The key next task is not more content or randomization. The next task is playability.

---

## 11. What Not to Reintroduce

Do **not** revert to the older prototype assumptions unless Sean explicitly asks.

Avoid reintroducing:

- React/Babel CDN setup from older prototypes.
- The old all-three-answers-at-once mechanic as the main game flow.
- Generic answer generator logic as the primary content system.
- DOG as the current character name.
- Old scoring functions that do not support the newer trust/shenanigans flow.
- Heavy commentary between rounds.
- Long explanation crawls during gameplay.
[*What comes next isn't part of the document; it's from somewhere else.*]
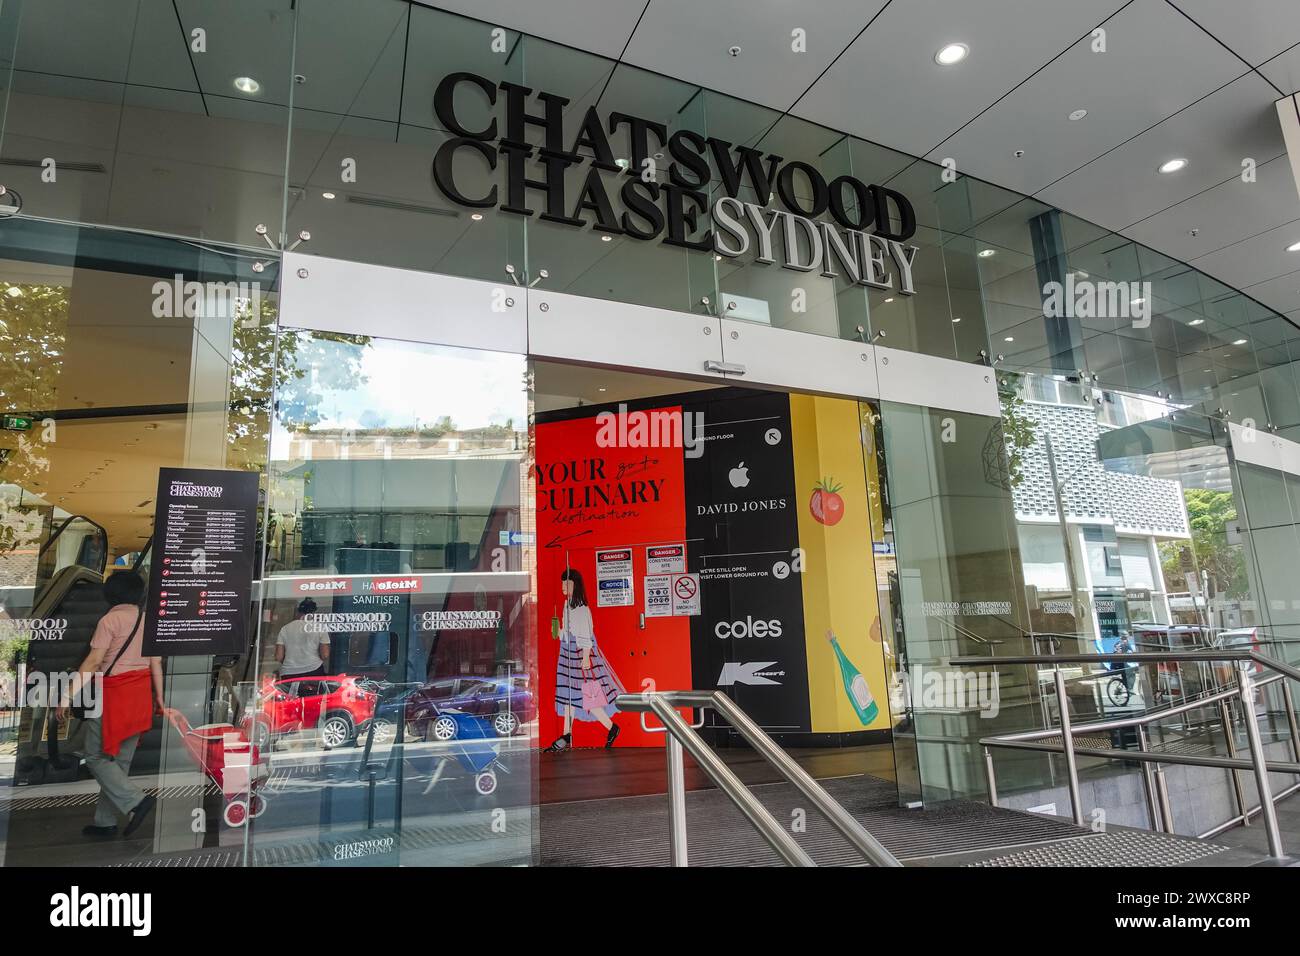 Chatswood Chase Sydney is a shopping centre in the suburb of Chatswood on the Lower North Shore of Sydney, New South Wales, Australia Stock Photo

The current core flow remains:

```text
AL-X presents the clue → one model buzzes in → player trusts or calls shenanigans → reveal → continue
```

---

## 12. Suggested Opening Prompt for the Next Chat

Use something like this to start the next chat:

```text
We are continuing Clanker Jeopardy, a DOORS 2 AI literacy game. Please read the attached handoff. The current playable file is clanker-jeopardy-claude-integrated.html, paired with questions-claude-demo.json. Do not add more randomization yet. The next task is to analyze and improve the gameplay experience, especially timing, pacing, readability, and whether the trust/shenanigans decision works at playtime. We need to preserve the current canon roster: AL-X, CHATTY, ECHO, ROCK. DOG is retired except as a legacy fallback.
```

---

## 13. Final Note

This session was useful because it clarified the boundary between **behavioural design** and **finished content**. Claude’s files help define why the models behave differently. The game still needs careful writing, playtesting, and timing redesign before it will work well in front of learners.

Current next move: stop here, hand off cleanly, and begin a fresh gameplay-focused design discussion.